Mentions: S. pombe undergoing a dimorphic switch from single-celled to invasive form grow primarily in a monopolar fashion at old ends [39], [40]. Moreover, it has been postulated that cytokinesis errors might contribute to a hyphal-like transition in S. pombe[41]. We therefore considered that cytokinesis-based constraints on S. pombe growth polarity might facilitate invasive growth transitions. Using techniques similar to those described previously [40], [59], we tested whether various cytokinesis mutants displaying defective bipolar growth could form pseudohyphae into 2% agar. Cells lacking Fic1 or its interacting partners Cyk3 or Imp2 were significantly more invasive than wild-type cells (Figure 9A–9B). Like other invasive S. pombe mutants [39], [40], these mutants formed pseudohyphae composed of single cells oriented in filament-like projections (Figure 9C and Figure S7A).
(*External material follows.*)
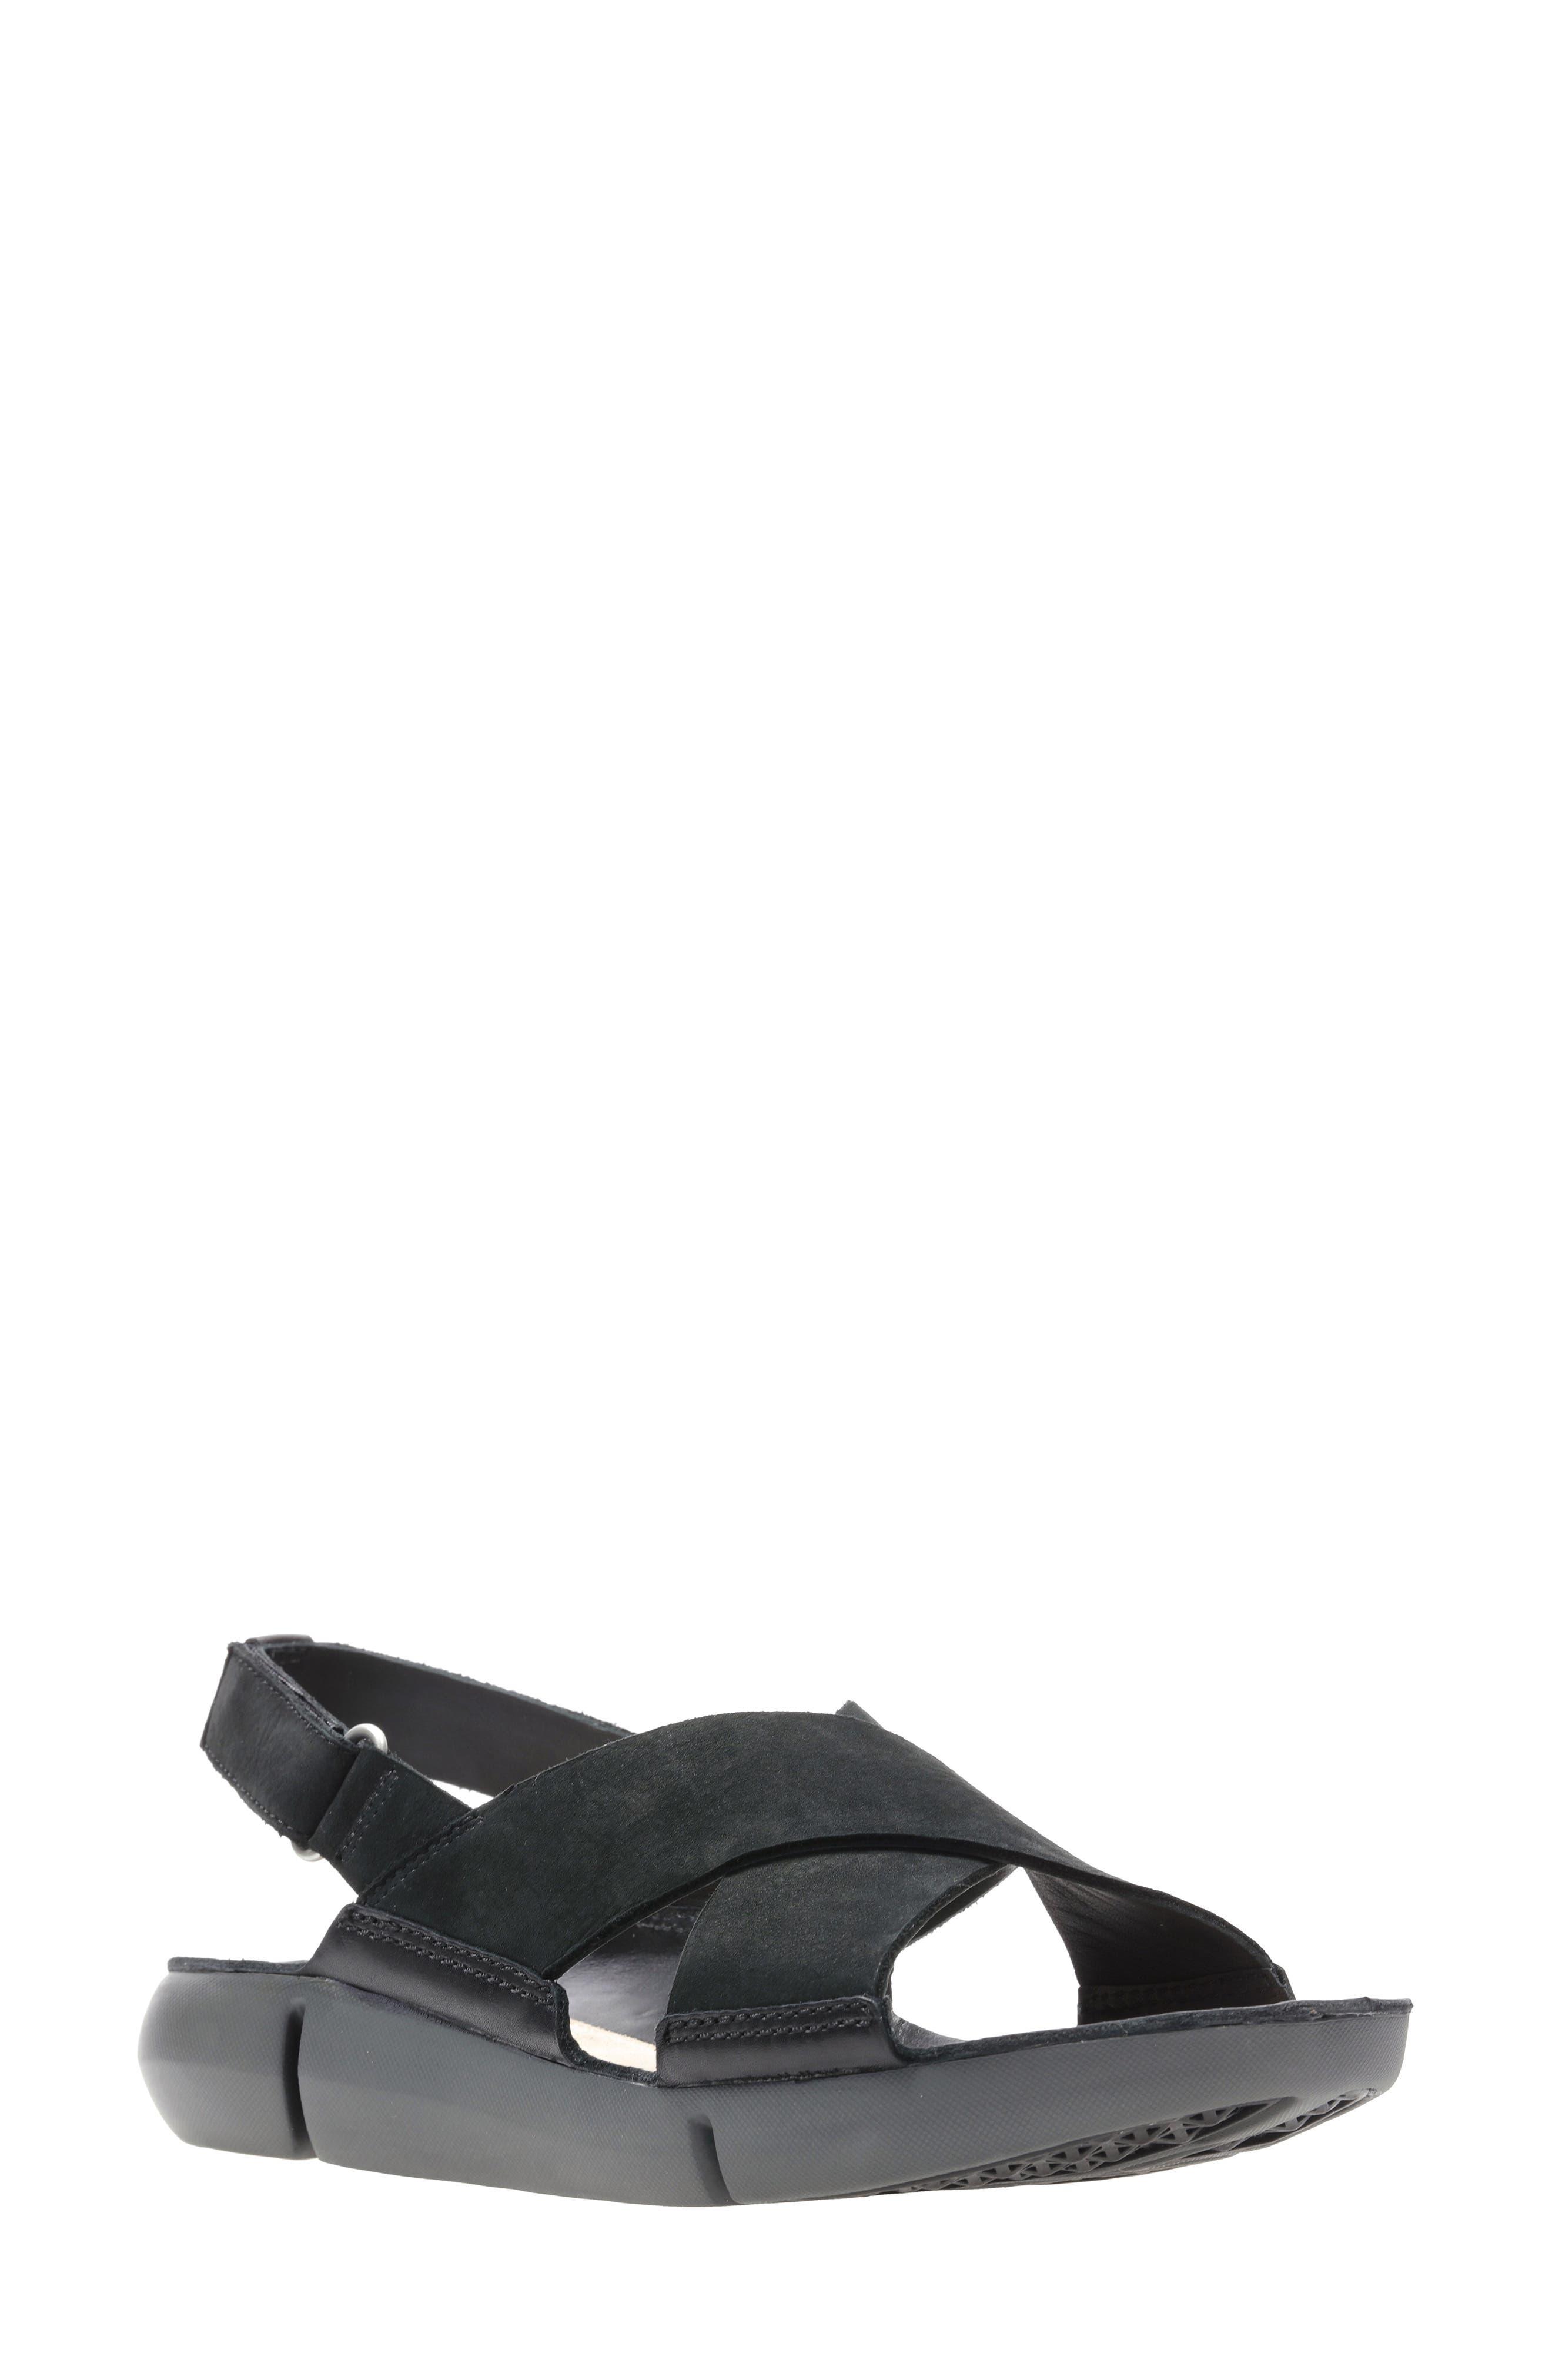 CLARKS<SUP>®</SUP> Tri Chloe Sandal, Main, color, BLACK/ BLACK NUBUCK

In addition to these strains, we found other cytokinesis mutants exhibiting high degrees of monopolar growth (spn1Δ, cdc7-24, and vps24Δ) to also be highly invasive and to form pseudohyphal projections into 2% agar (Figure 9A–9B and Figure S7A). Of note, the vps24Δ strain showed drastically more invasive growth than the others, though the reasons for this are currently unclear. rlc1Δ and pxl1Δ, which possess cytokinesis defects that do not considerably impact polarized cell growth (Figure 6C–6D and Figure S5A), invaded less efficiently on 2% agar than cytokinesis mutants exhibiting NETO defects (Figure 9A–9B). This supports the notion that defective cytokinesis promotes the dimorphic switch most robustly when it results in faulty NETO. As has previously been observed, tea1Δ also invaded well on 2% agar (Figure S7B–S7D). Thus, though cytokinesis-based constraints on growth polarity support enhanced S. pombe invasiveness, other polarity defects, which are not entirely specific to new ends, can do so as well.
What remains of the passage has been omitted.